I was reading about unicode at http://www.joelonsoftware.com/articles/Unicode.html. Joel says UCS-2 encodes all unicode characters in 2 bytes whereas UTF-8 may take upto 6 bytes to encode some of the unicode characters. Would you please explain with an example, how a 6 byte UTF-8 encoded unicode character is encoded in UCS-2?
2 Answers
UCS-2 was created when Unicode had less than 65536 codepoints, so they all fit in 2 bytes max. Once Unicode grew to more than 65536 codepoints, UCS-2 became obsolete and was replaced with UTF-16, which encodes all of the UCS-2 compatible codepoints using 2 bytes and the rest using 4 bytes via surrogate pairs.

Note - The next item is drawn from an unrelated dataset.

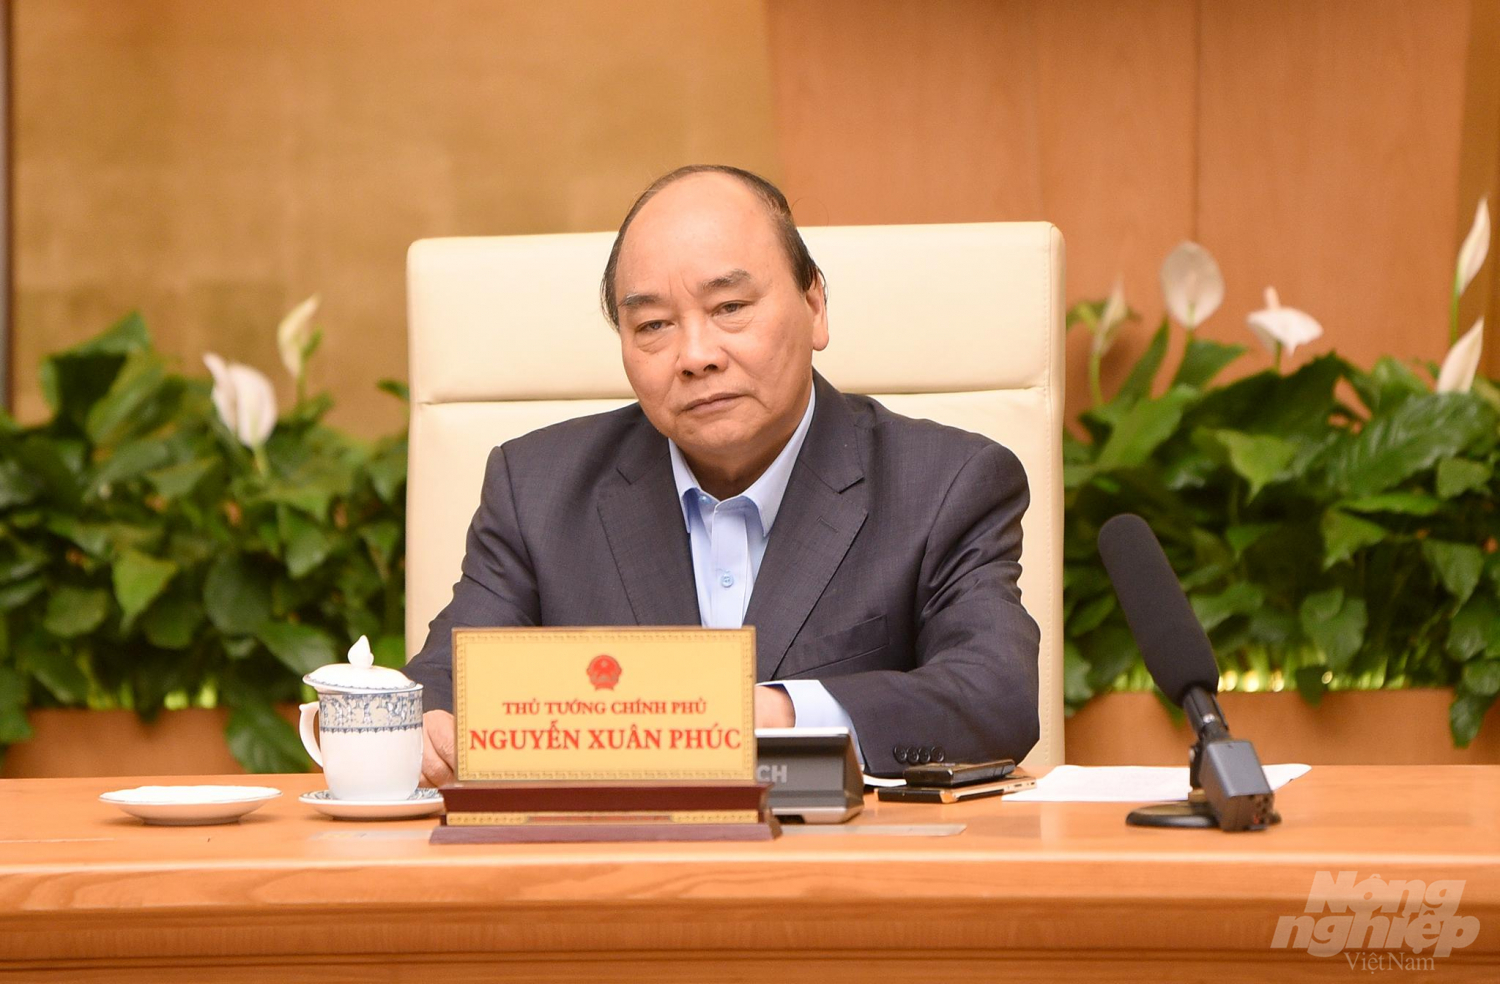 Thủ tướng Nguyễn Xuân Phúc chủ trì Hội nghị trực tuyến “4.0 thúc đẩy phát triển công nghiệp chế biến nông sản, cơ giới hóa nông nghiệp
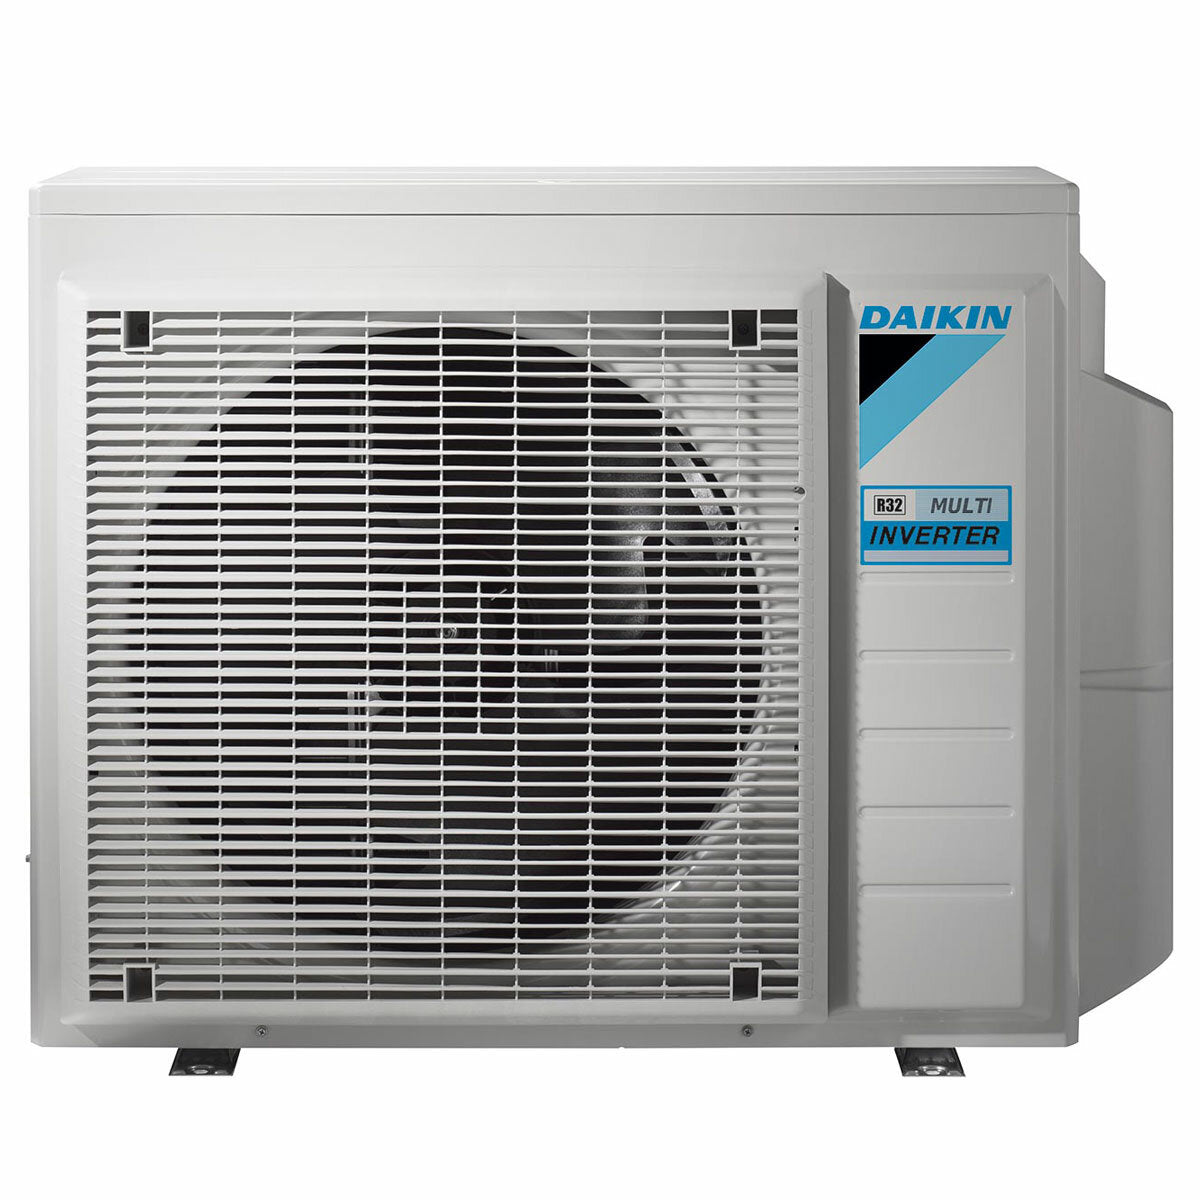 Daikin Emura air conditioner 3 split panels 7000+7000+9000+18000 BTU inverter A++ wifi outdoor unit 7.4 kW Black

UTF-8 was originally written to encode codepoints up to 6 bytes (U+7FFFFFFF max) but was later limited to 4 bytes (U+1FFFFF max, though anything above U+10FFFF is forbidden) so that it is 100% compatible with UTF-16 back and forth and does not encode any codepoints that UTF-16 does not support. The maximum codepoint that both UTF-8 and UTF-16 support is U+10FFFF.
So, to answer your question, a codepoint that requires a 5- or 6-byte UTF-8 sequence ( U+200000 to U+7FFFFFFF) cannot be encoded in UCS-2, or even UTF-16. There are not enough bits available to hold such large codepoint values.
UCS-2 stores everything it can in two bytes, and does nothing about the code points that won't fit into that space. Which is why UCS-2 is pretty much useless today.
Instead, we have UTF-16, which looks like UCS-2 for all the two-byte sequences, but also allows surrogate pairs, pairs of two-byte sequences. Using those, remaining code points can be encoded using a total of 4 bytes.